Translation: I had to dissect a cadaver.
The dead body in front of me made my nose crinkle in disgust. The nauseating stench indicative of the long-term assigned-death status. Judging by the sickly, concrete-colored skin tone, it was safe to say that Dr Victor Frankenstein would not be making any sudden endeavours into reviving the dead. It already looked like a zombie anyway.
It.
Using the word It helped me forget that this was once a living, breathing human. That this middle-aged man who had been assigned to my group was once a person who laughed and walked and smiled just like the rest of us. I could've walked past him years ago and not even realized that in six years time he'd be lying on a table in front of me, stark naked, being studied by the students of NYU's Medical School. No longer with a pink flush to his cheeks or a strut of a walk. Just dead. Gormless. A lifeless monument of the man he used to be.
I just knew that if Shaylah was here, she'd have fainted within seconds. While everybody around me was trying to feign nonchalance, I could see the pale cheeks and averted eyes. Nothing said acknowledging the circle of life like taking a scalpel to deceased skin.
It was a sharp reminder of what we became when our brains finally stop functioning or our hearts fail to beat. When we die, nothing else matters. Not what we wore, not our legacy, not the people we came in contact with or the time we spent building a pointless legacy.
When we die, we rot. We all bleed the same, we all end up in the same place. Either six feet under or in a pile of ashes.
That being said, Brayden would definitely be poking at the cadaver and trying to wake him up.
The list of muscles and nerve vessels that we'd been tasked with seeking out was laminated and taped to the table, so it was easy to move onto the next person without having to think about relocating the sheet.
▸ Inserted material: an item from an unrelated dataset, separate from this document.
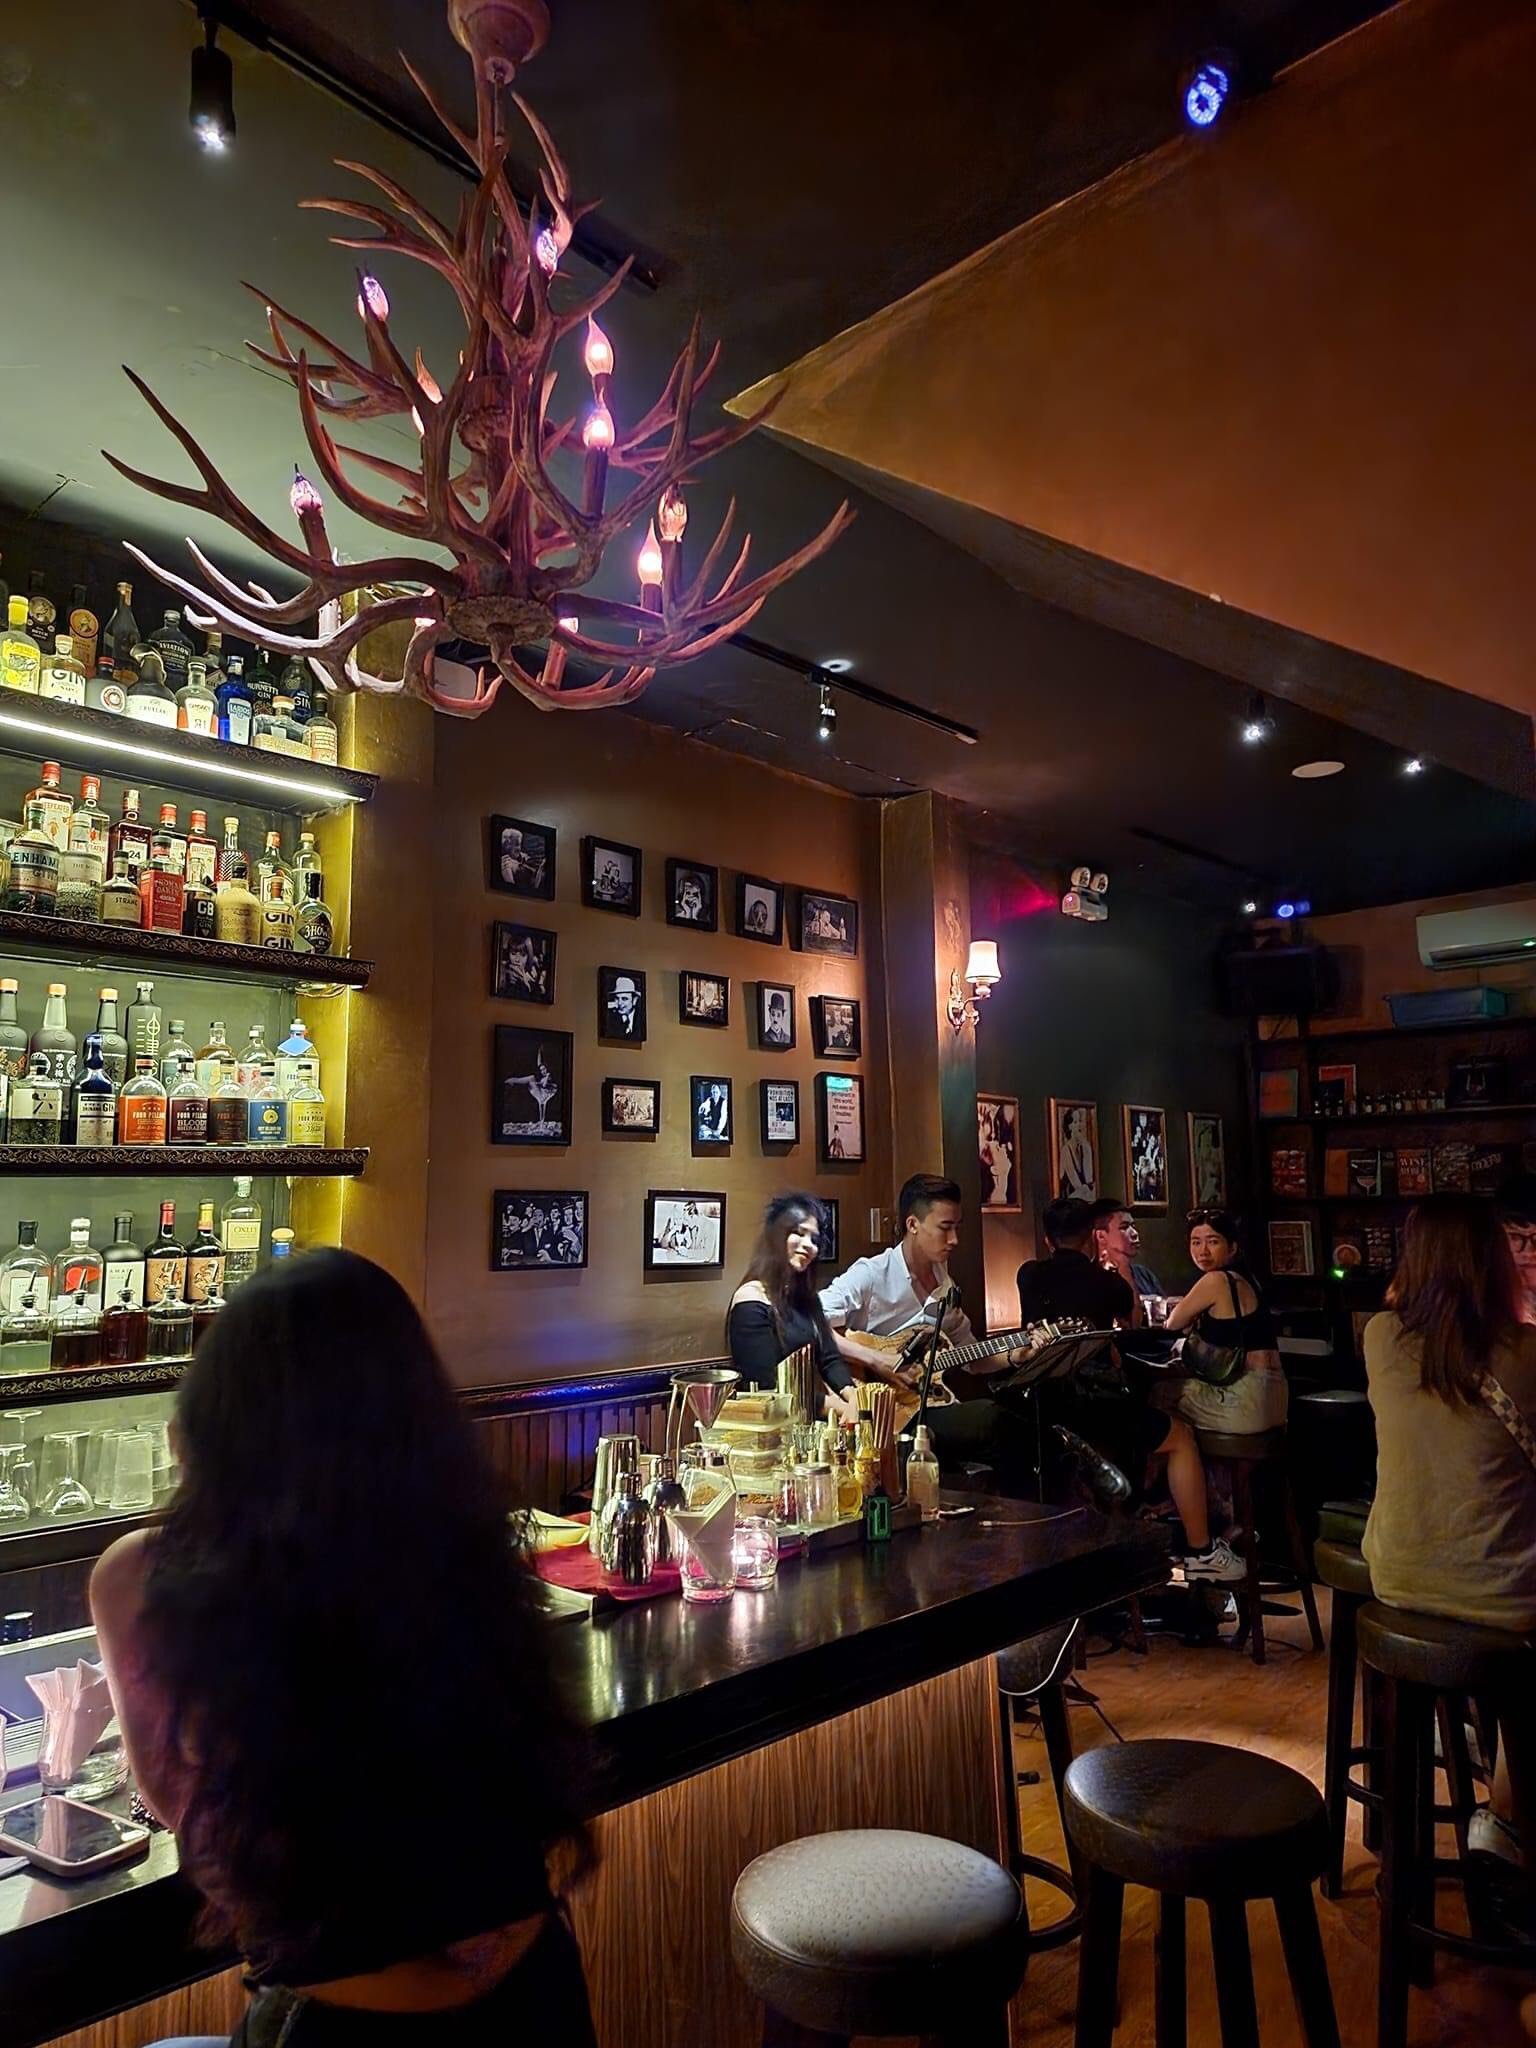 The Gin House Bar - A holy land of Gins

Someone in my group shoved their hands into the man's chest, the insides releasing squelching sounds that made bile rise in my throat. I watched silently as everything took a turn to cut, shove their hand into the cavity, and seek to find something interesting.
I'd never been a squeamish person. Blood didn't bother me. Needles looked more harmless than anything. Yet watching a man's insides be cut open for the sake of medical education left me with a sour taste in my mouth. The fragility of human life lay out on a display as though it was simply a painting in a gallery, free for individual exploration.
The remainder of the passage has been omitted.